> _Work to complete_: Each line in the records below, from the one that contains "Chuck, Jamey, and Justin" to the one that contains "#yadkinvalley", should be reproduced exactly, the first and last included.

Segment Start: Information given

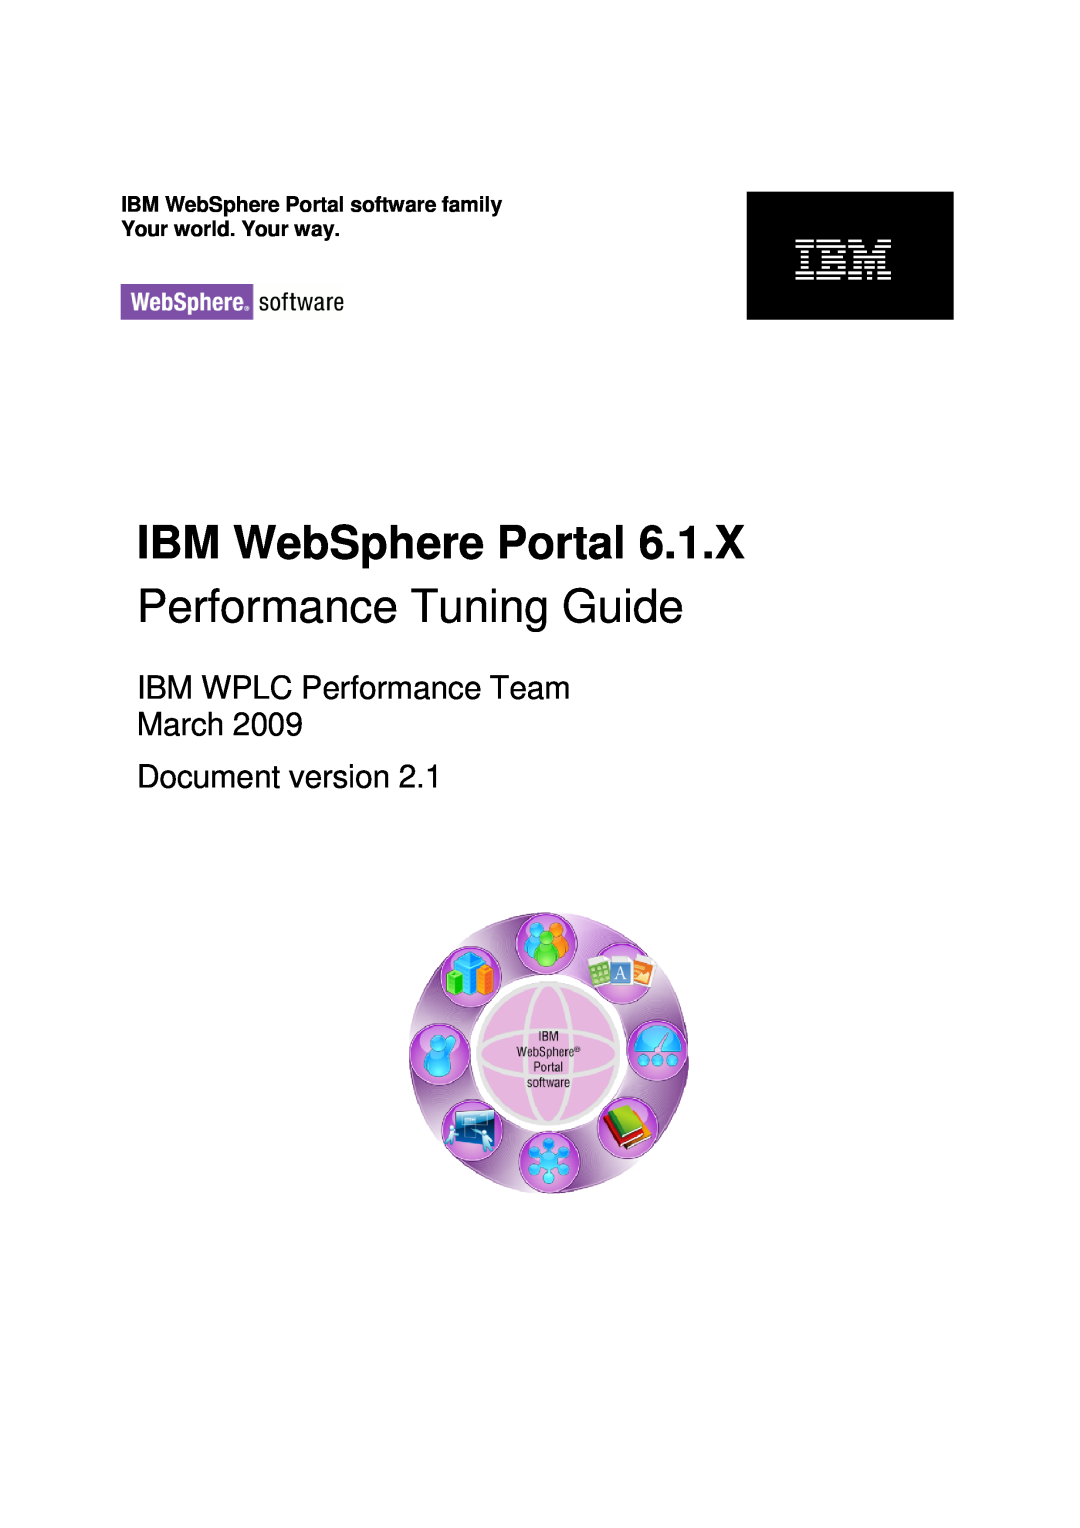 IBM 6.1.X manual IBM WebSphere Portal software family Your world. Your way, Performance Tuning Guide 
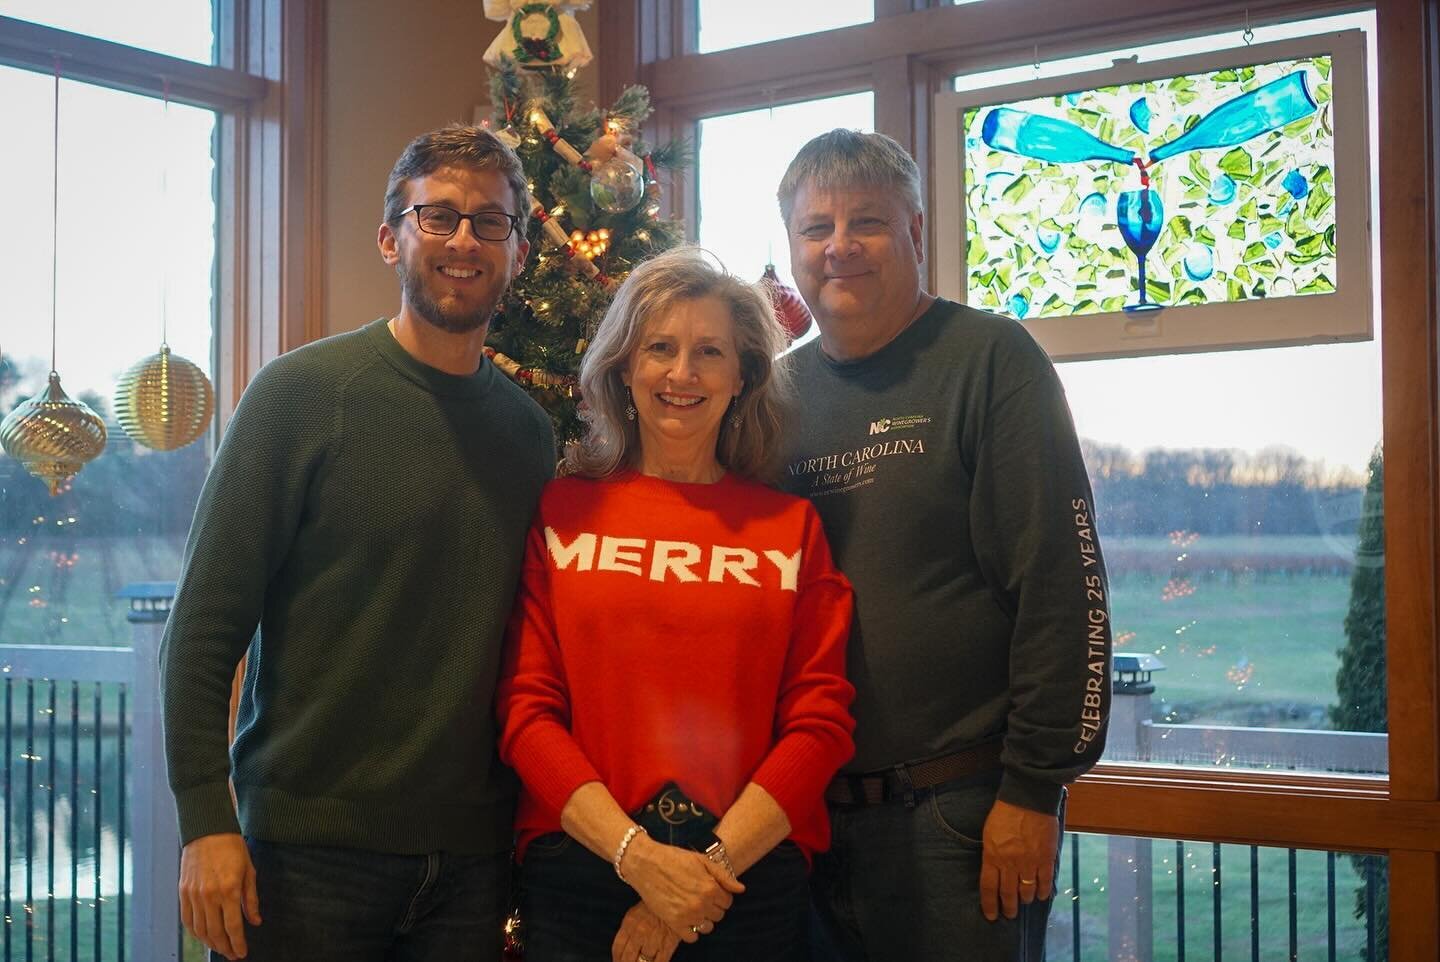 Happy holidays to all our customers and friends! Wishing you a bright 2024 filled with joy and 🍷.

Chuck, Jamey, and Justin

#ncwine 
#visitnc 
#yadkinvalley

Segment End: Information given
Segment Start: Information given

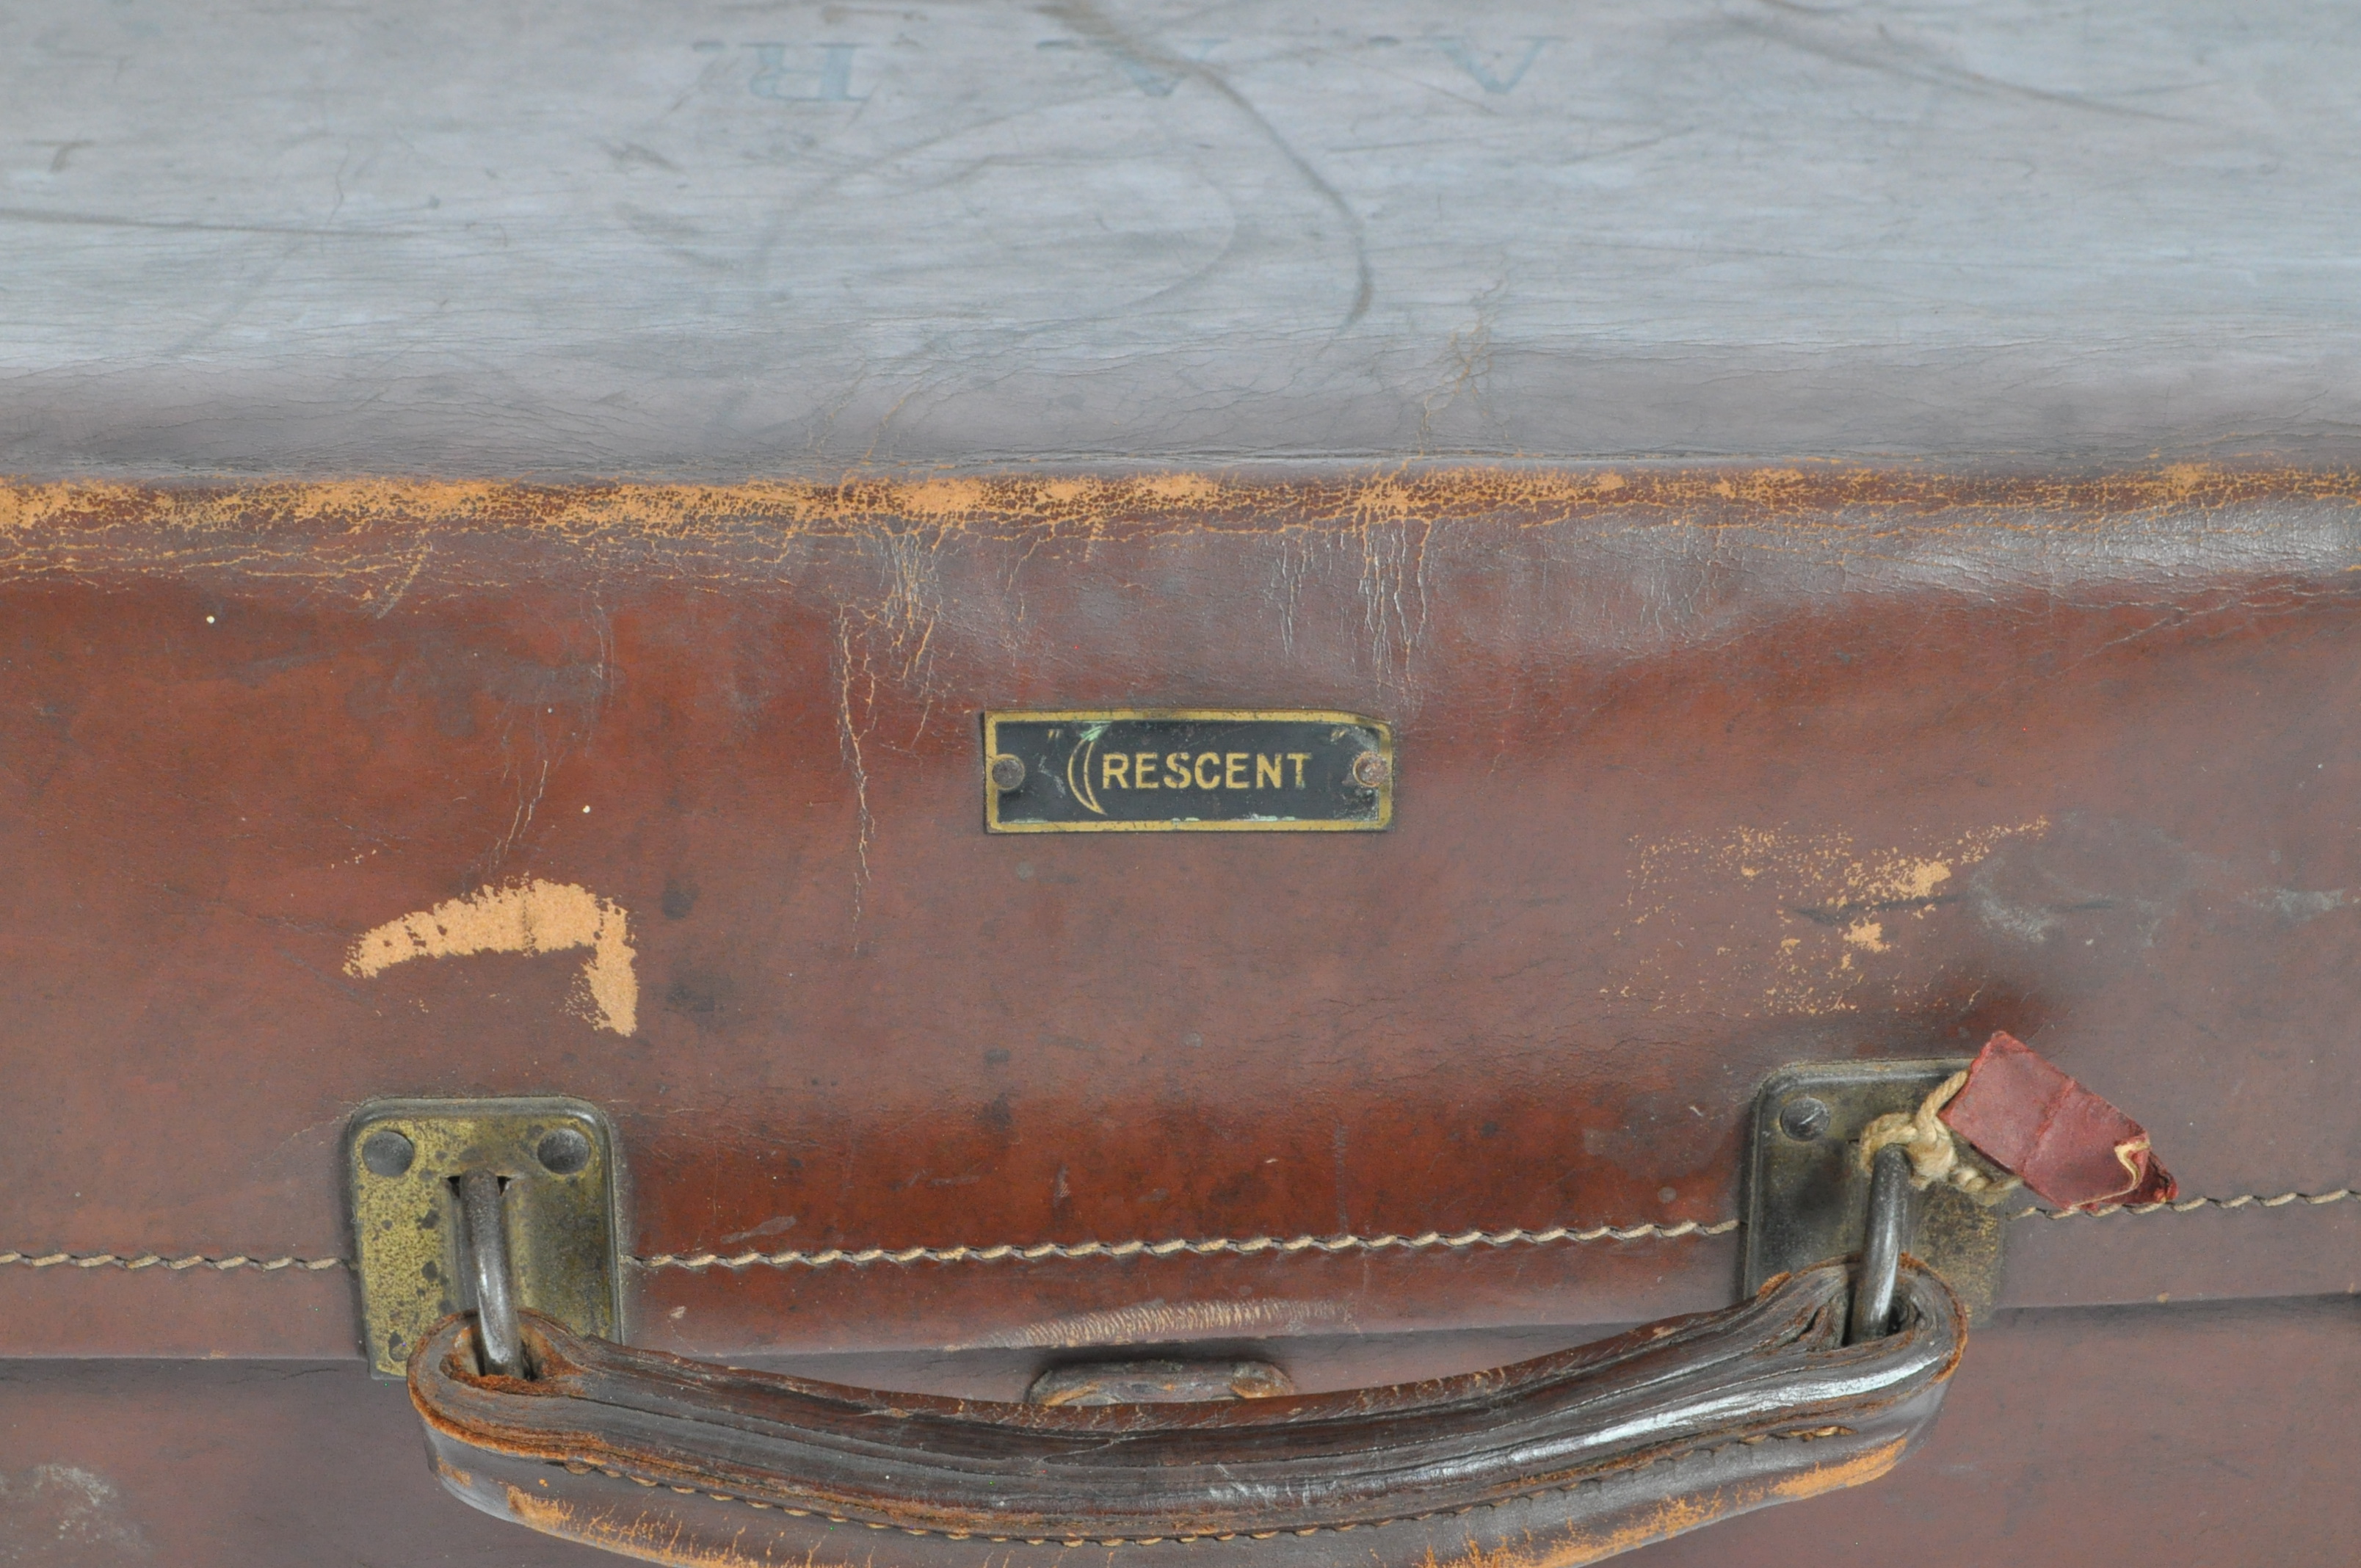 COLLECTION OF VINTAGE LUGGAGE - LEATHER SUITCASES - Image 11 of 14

Segment End: Information given

> _Worked solution_:
Chuck, Jamey, and Justin

#ncwine 
#visitnc 
#yadkinvalley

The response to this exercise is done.